Provision To Improve Self -Care

Provision To Improve Self -Care


NANDA, or the North American Nursing Diagnosis Association, is a global organization that has created evidence-based nursing diagnoses to aid in advanced and comprehensive patient care. The diagnosis “Provision to Improve Self-Care” is designed to promote a patient’s health and wellbeing. This post will discuss the NANDA Nursing Diagnosis Definition, Defining Characteristics, Related Factors, Risk Population, Associated Problems, Suggested Use, Suggested Alternative NANDA Diagnoses, Usage Tips, NOC Results, NIC Interventions, and a Conclusion & FAQ.

NANDA Nursing Diagnosis Definition

The NANDA Nursing Diagnosis “Provision to Improve Self-Care” states that the individual is capable of behaviors and/or skills required for balance, or achieving physical and psychological equilibrium needed to maintain optimal health – and it is the nurse’s task to provide the patient with assistance needed for fostering the provision to improve self-care.

Defining Characteristics


  • Verbalization of not knowing what to do to maintain health
  • Verbalization of a desire to improve self-care
  • Verbalization of knowledge and skills deficit
  • Inability to secure or use assistance for promotion of self-care


  • Non-adherence to care plan/lack of presented evidence of self-care activity
  • Physical disability that impairs ability to maintain self-care
  • Lack of supporting resources to independent self-care, from family

Related Factors

  • Lack of education or knowledge: The patient may lack education or knowledge regarding what they need to do to increase self-care.
  • Lack of financial resources: The patient may not have the necessary funds to secure proper resources that would aid in self-care.
  • Lack of appropriate environment: The patient may lack support or an environment that encourages the practices of self-care.
  • Physiological damage: The limitations of organ health, physical disability, and/or physiological damage may impede on the capacity for quality self-care practices.

Risk Population

People who suffer from chronic illness, poverty, homelessness, aging, mental disorders, and limited access to healthcare services are at a higher risk for below provision self-care.

Associated Problems

The associated problems with Provision to Improve Self-Care diagnoses are those related to a lack of self-care skills, knowledge, available resources, and/or motivation. Patients with mental health challenges may also be at risk for a lack of self-care.

Suggested Use

Nurses are suggested to use the Provision to Improve Self-Care diagnosis to assess, monitor, evaluate, and modify interventions designed to restore balance and maintain a patient’s ideal health.

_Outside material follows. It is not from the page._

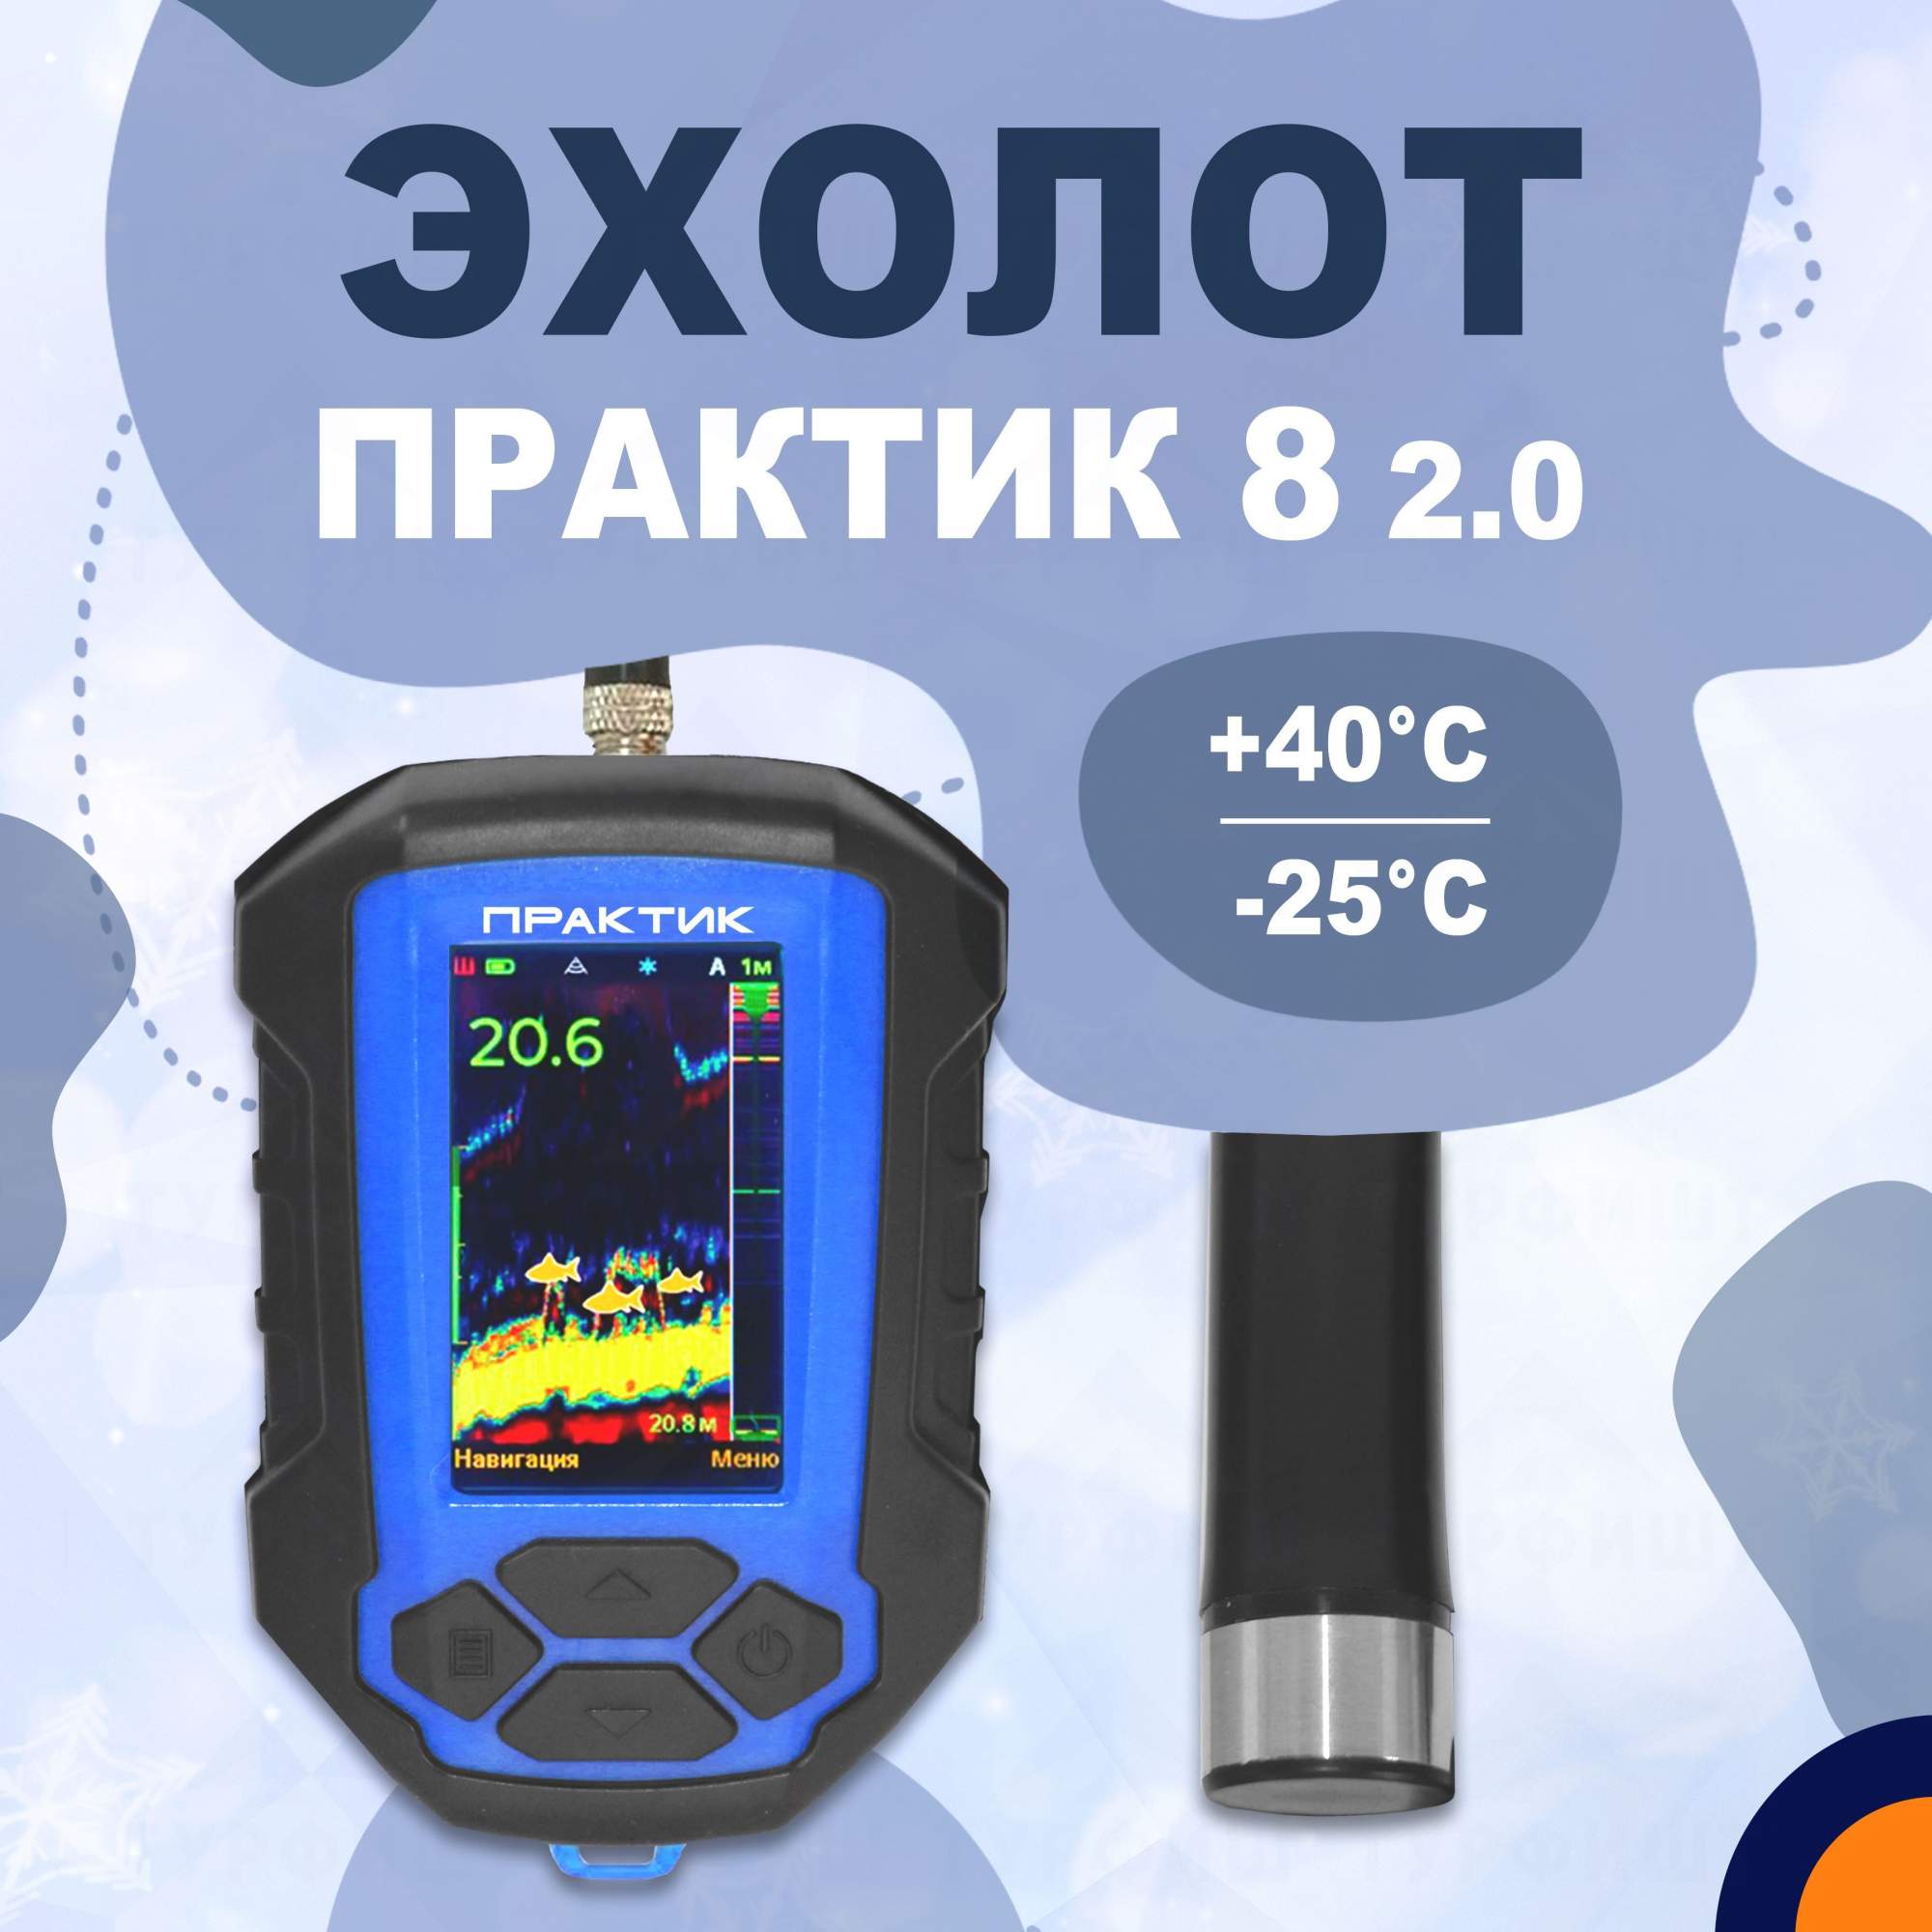 Эхолот Практик 8 2.0 версия - купить в Москве, цены на Мегамаркет | 600017424787
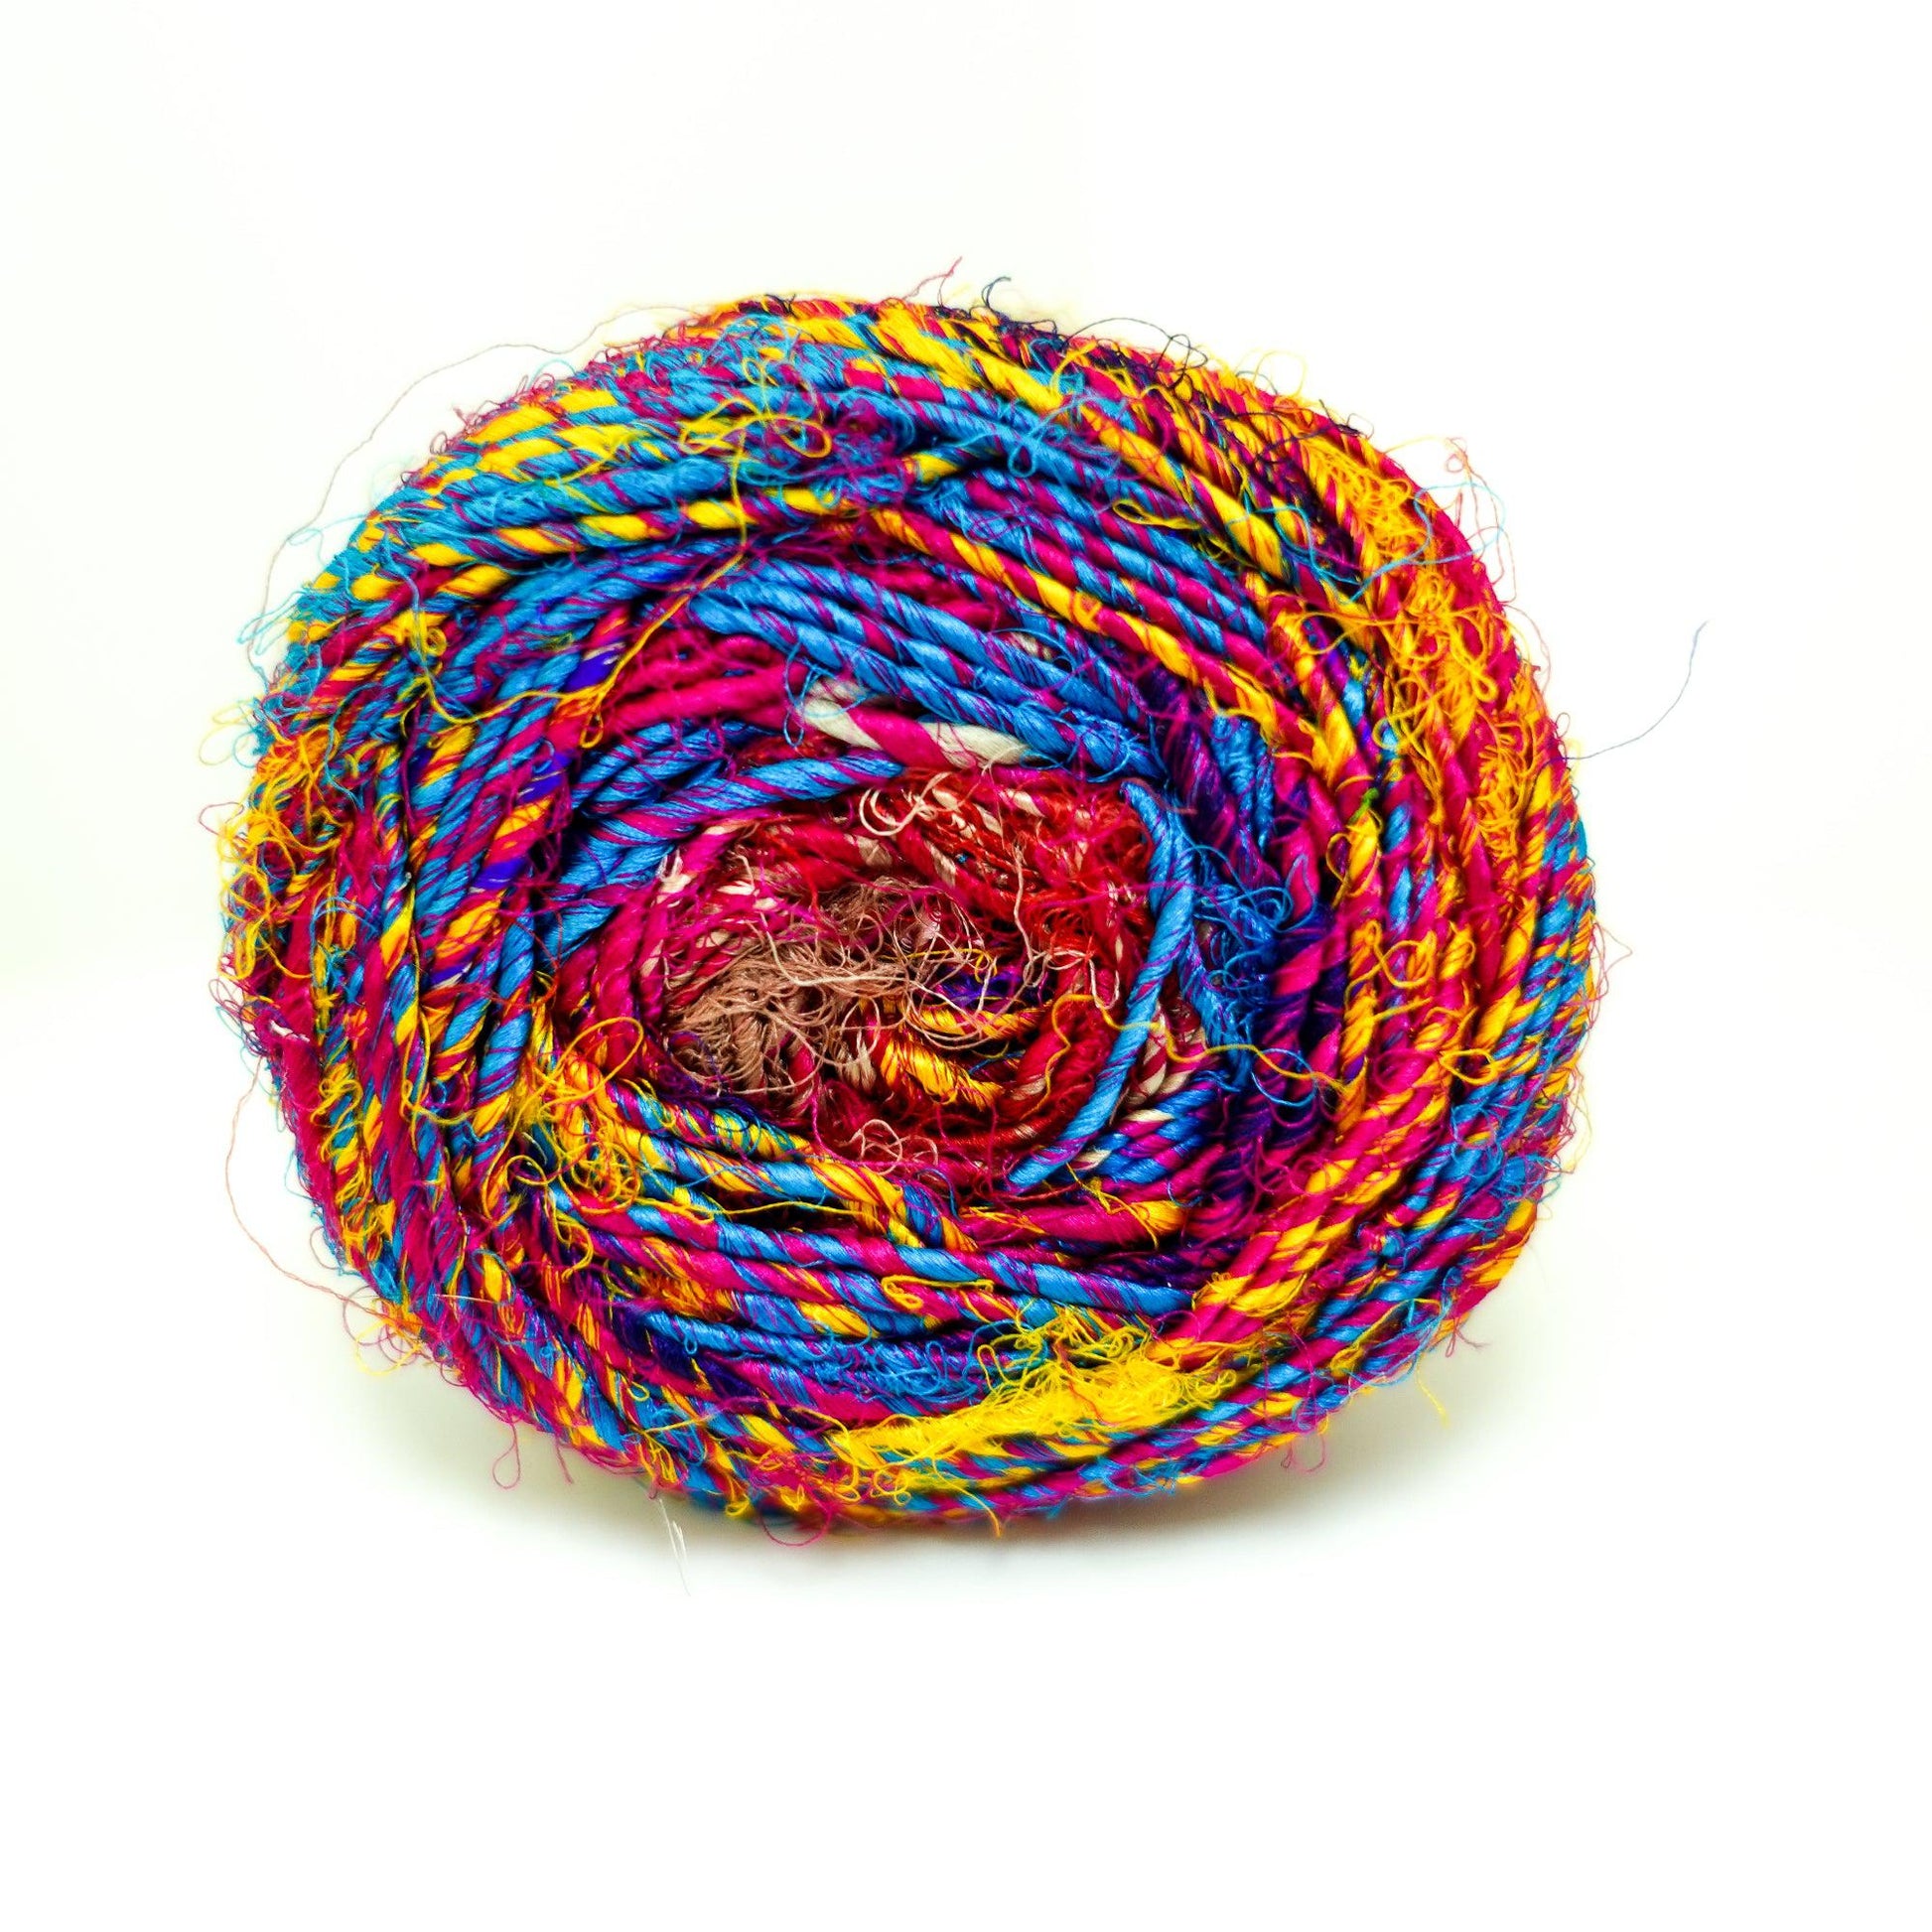 Revolution Fibers Multi-Color Recycled Sari Silk Yarn, Handspun Sari Fabric Scrap Yarn Cakes | 100 Grams per Ball - Textile Indie

Alternative NANDA Diagnoses

Other NANDA Nursing Diagnoses which could be used in similar situations to the Provision to Improve Self-Care diagnosis include and/or suggest: Ineffective Health Management, Ineffective Coping, Readiness for Enhanced Self-Health Management, Decisional Conflict, and Risk for Injury.

Usage Tips

The following tips apply to using the Provision to Improve Self-Care diagnosis:

  • Work on naturalizing and/or internalizing autonomous self-care behavior with patient over time.
  • Administer periodic assessments to check for changes in self-care behaviors.
  • Refer to other aides if further help is needed to an occupational therapist or psychologist.
  • Cognitive or callisthenic activities can be advised to the patient to increase function and coordination.
  • Encourage patient to stick to plan of care and all appointments.

NOC Results

NOC Results associated with the Provision to Improve Self-Care diagnosis, include but are not limited to:

  • Health Beliefs: Represents the knowledge of the patient regarding their health and their beliefs of the effects when following their health plan.
  • Self-care: Displays the patient’s capacity for self-care ability, measures of performance of activities, and any constraints that affect self-care ability in general.
  • Self-Concept: Refers to the patient’s capability to self-direct, judge, or evaluate how to manage their own health in terms of career, education, and personal activities.
  • Coping: Displays the way in which the patient works with challenges and crises that come up in their daily life.
  • Participation in Health Care: Shows the patient’s active role in monitoring, managing and managing a plan of care.

NIC Interventions

NIC Interventions related to the Provision to Improve Self-Care diagnosis include but are not limited to:

  • Self-Care Assistance: Involves teaching and guiding patients in taking charge of their own health with customized auto-care services.
  • Health Behavior Self-management: Treatment to assist patient’s needs and goals in maintaining health and well-being.
  • Self-Awareness Awareness: Assists patients in recognizing the discrepancies between their current and health status.
  • Management Support: Encourages and guides patients to create solutions as well as guide them to adhere to their health plan.
  • Health Education: Supplies information to optimize patient knowledge and skills related to self-care.

Conclusion & FAQ

The NANDA nursing diagnosis “Provision to Improve Self-Care” helps fill the gap of the patient’s understanding of what to do to promote their health and wellbeing. Through providing the necessary resources and understanding, nurses can empower the patient to make positive changes to their self-care.